Sharjah posted a fiscal deficit of Dhs 3.58bn last year ($975m), or 4.3 per cent of GDP, its highest since 2008 and more than double the 2.1 per cent forecast in the budget.

Though government finances have not deteriorated as much as other emirates, the firm said a prolonged period of slower economic growth could result in a faster build-up of government debt and exert downward pressure on Sharjah’s creditworthiness.

“Persistent deficits have caused Sharjah’s government debt burden to rise, albeit from a very low base, and we expect it to exceed 15 per cent of GDP by 2017,” Moody’s said.

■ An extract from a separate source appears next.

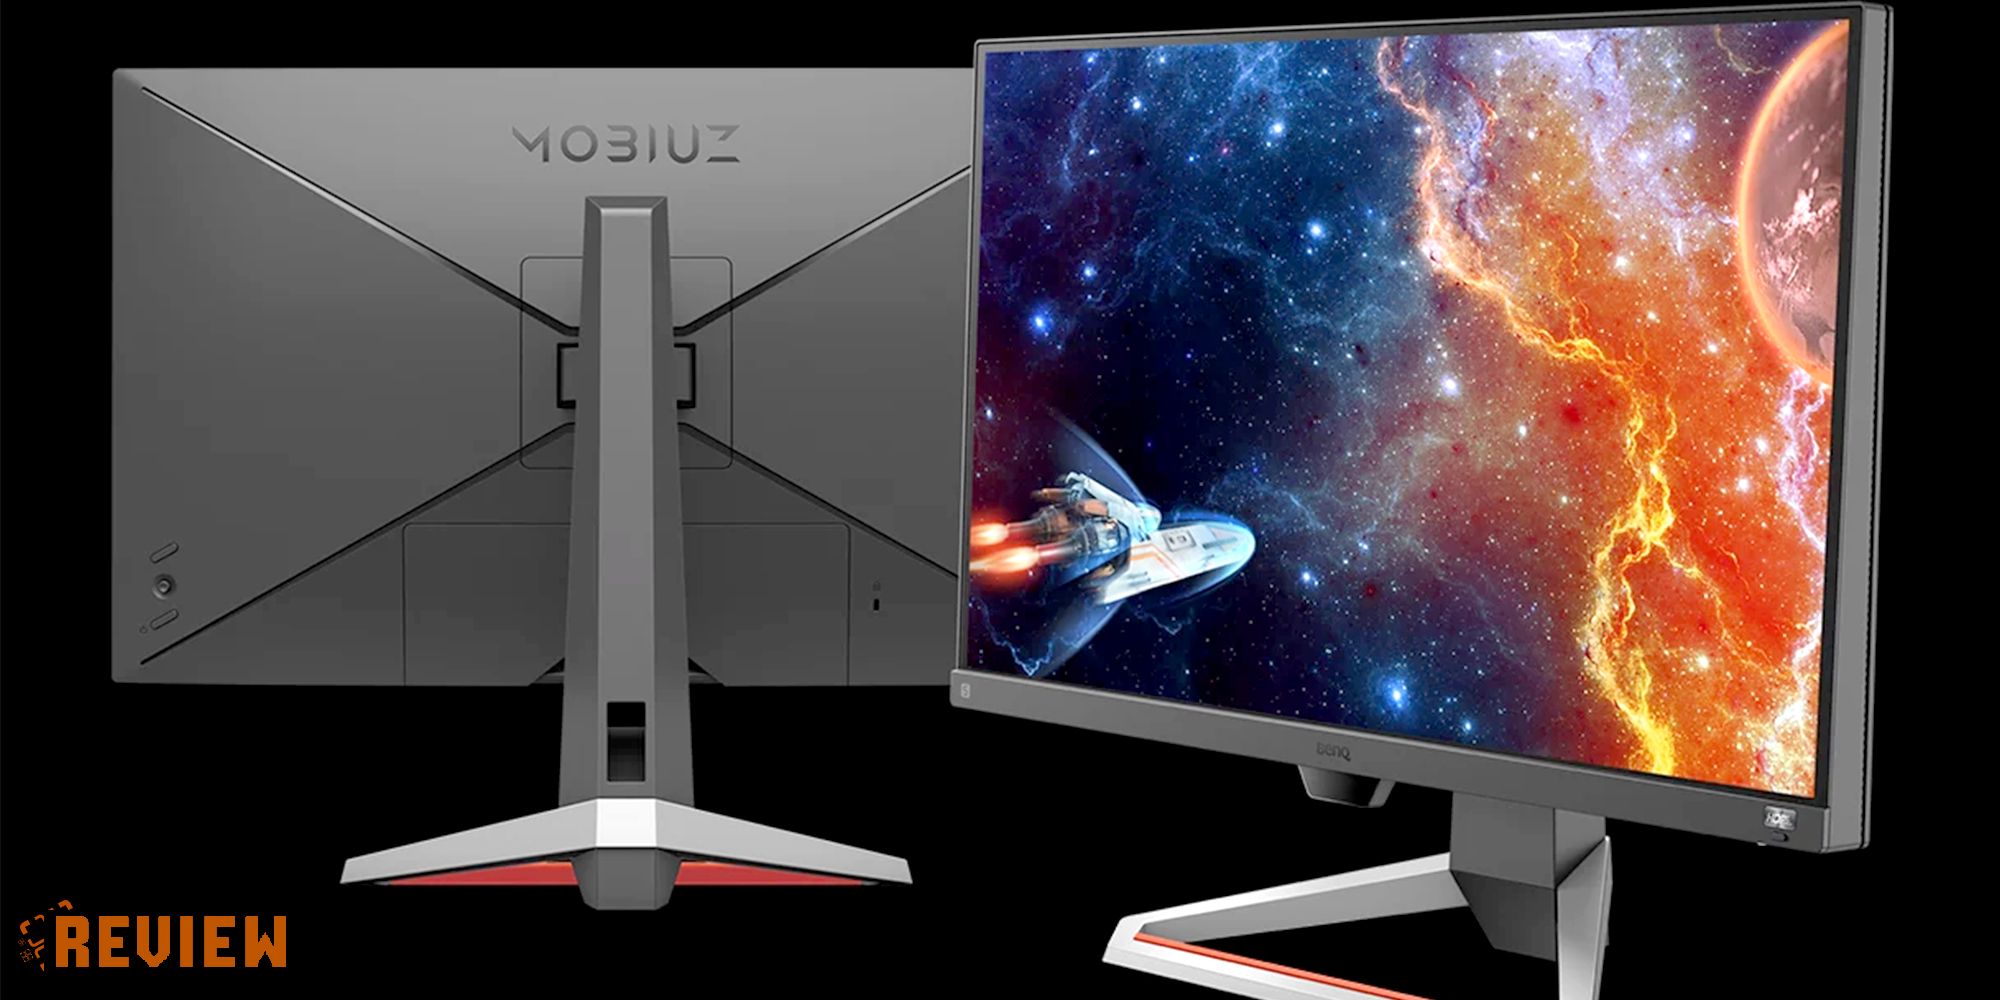 BenQ Mobiuz EX2710 review: An affordable 1080p gaming monitor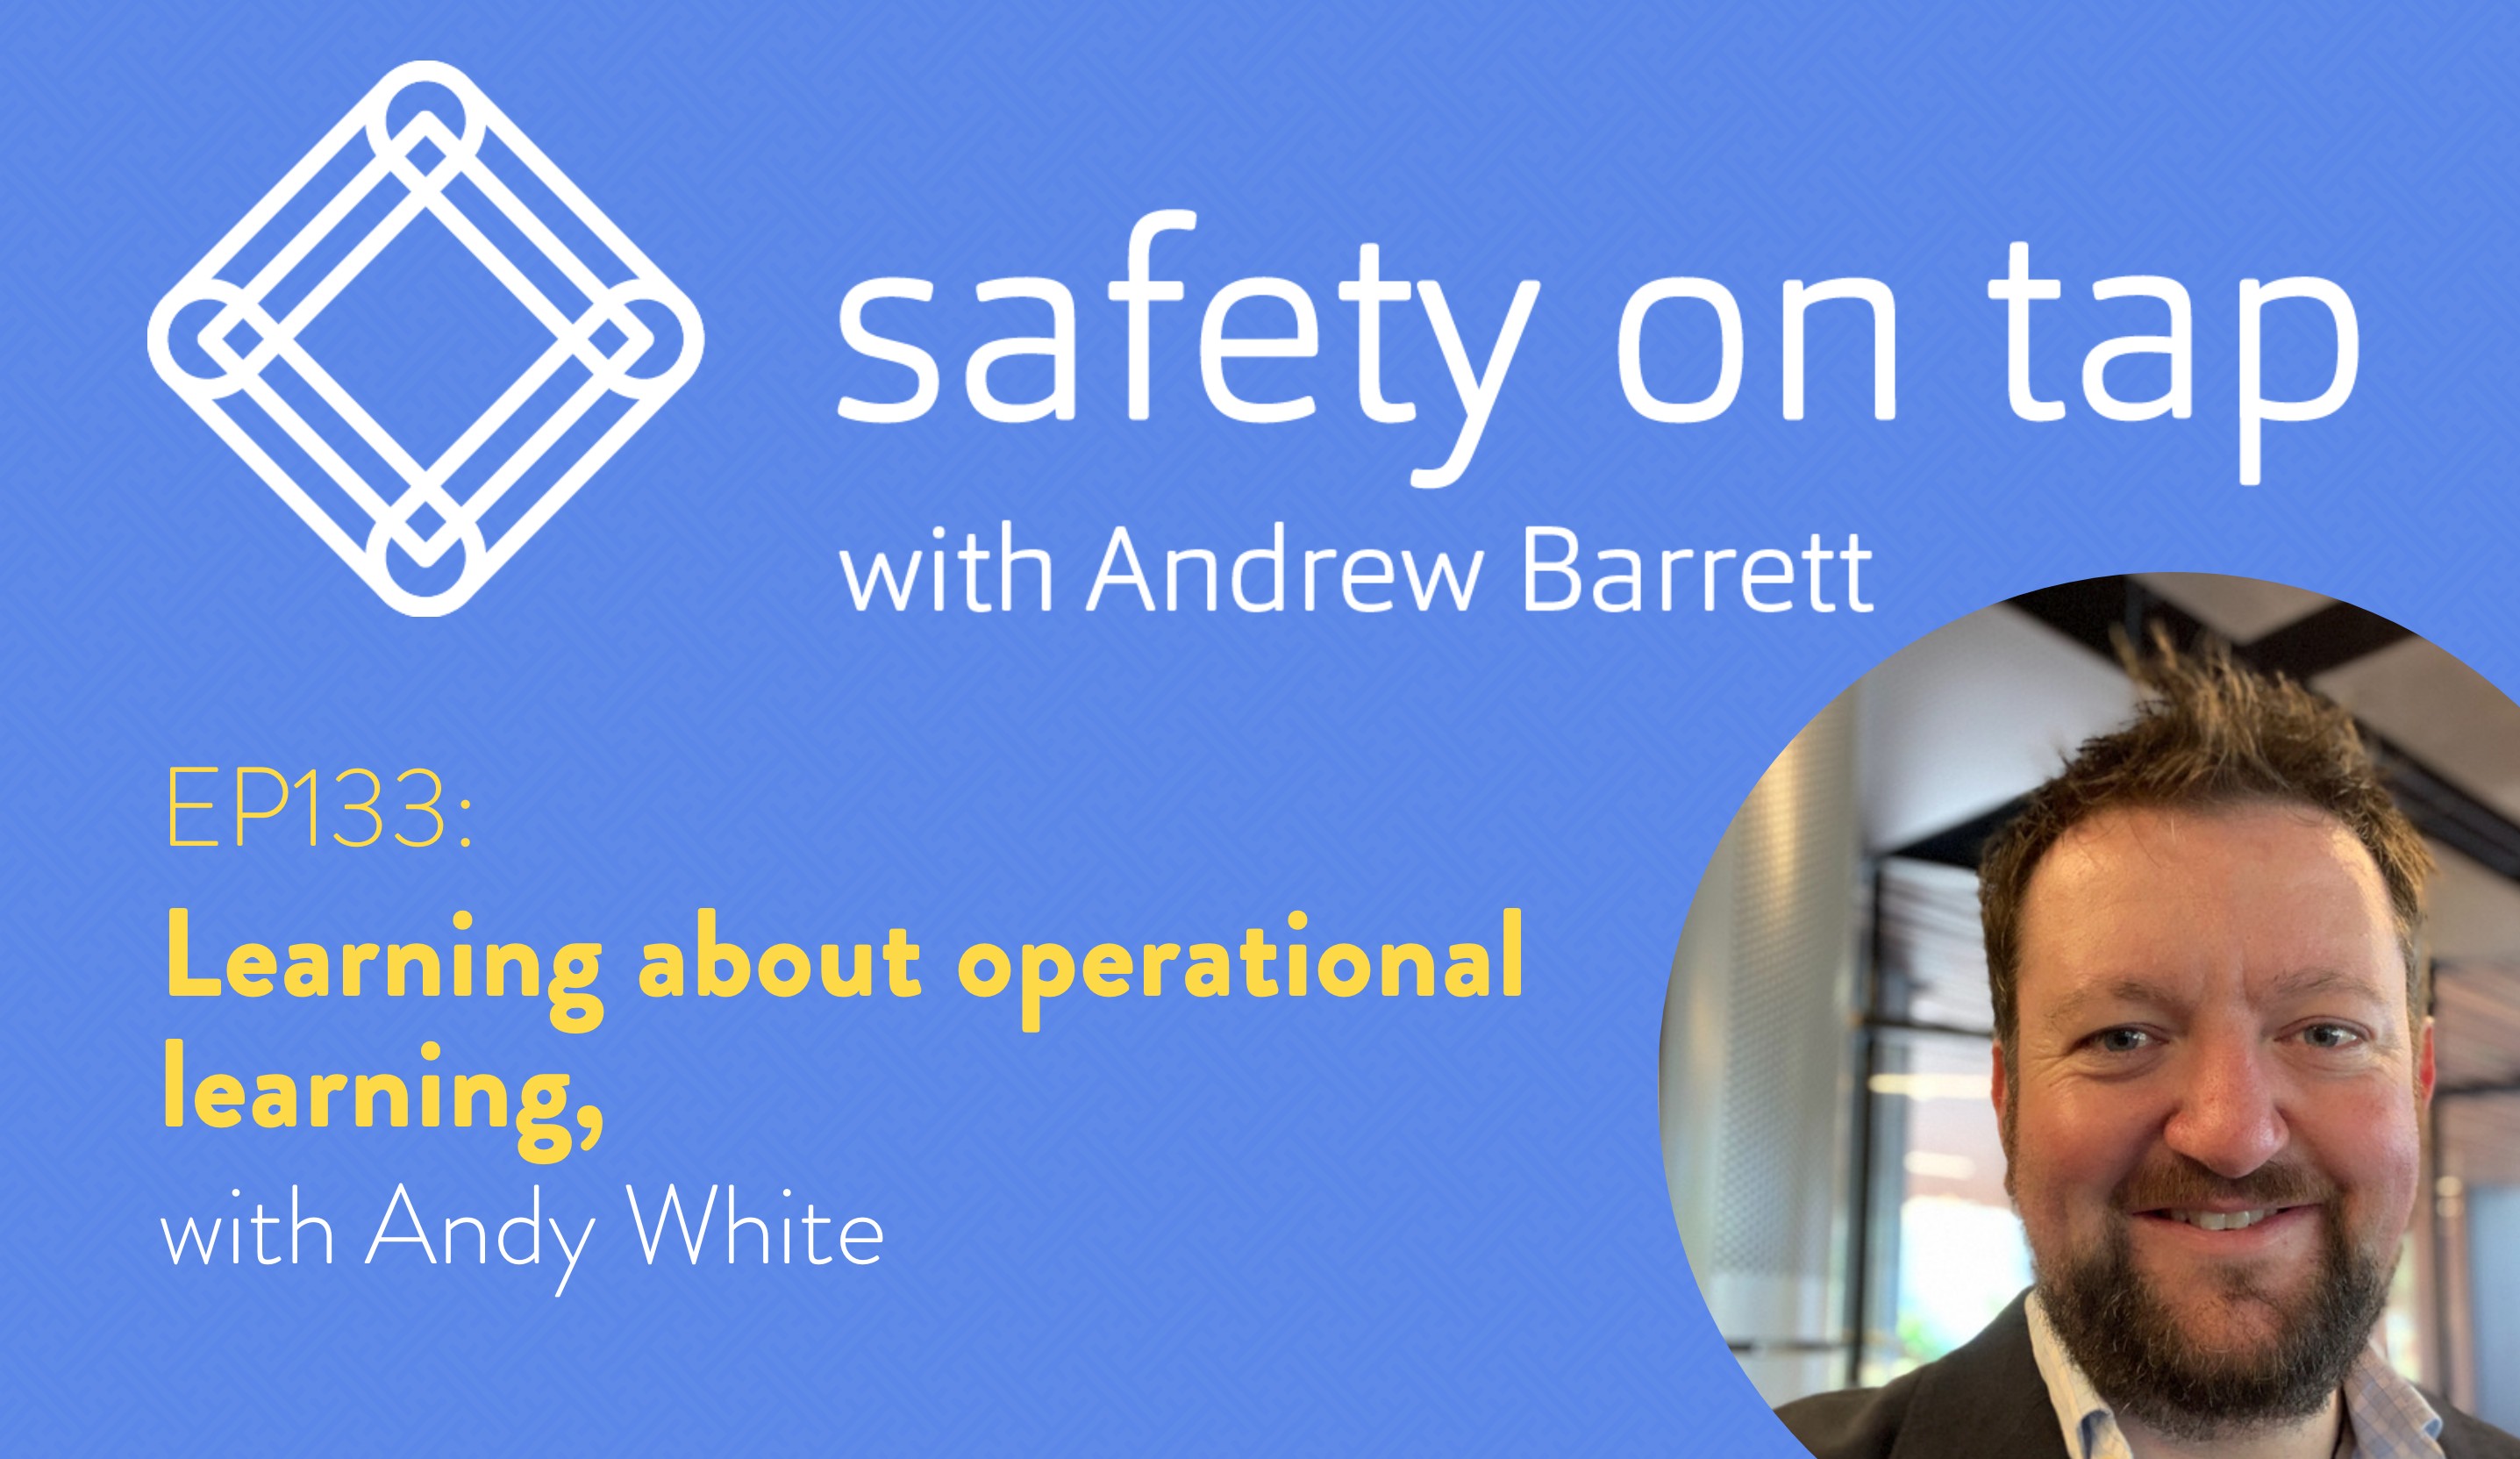 Ep133: Learning about operational learning, with Andy White

Sharjah is currently ranked by the agency as A3 stable, at the bottom of the third highest investment grade, compared to Abu Dhabi’s ranking of Aa2, in the second highest investment grade.

The emirate forecasts a fiscal deficit of Dhs 2.5bn ($558m) this year, or 2.3 per cent of GDP. It anticipates a 39 per cent increase in revenues and stable expenditure to make this a reality.

Moody’s said there were downside risks to the target and economic activity would likely remain restrained by weak regional demand.

“Going forward, we expect Sharjah’s real GDP growth to remain between 1 per cent and 2 per cent in 2016-17, compared to an average 4.5 per cent in 2011-14,” it said.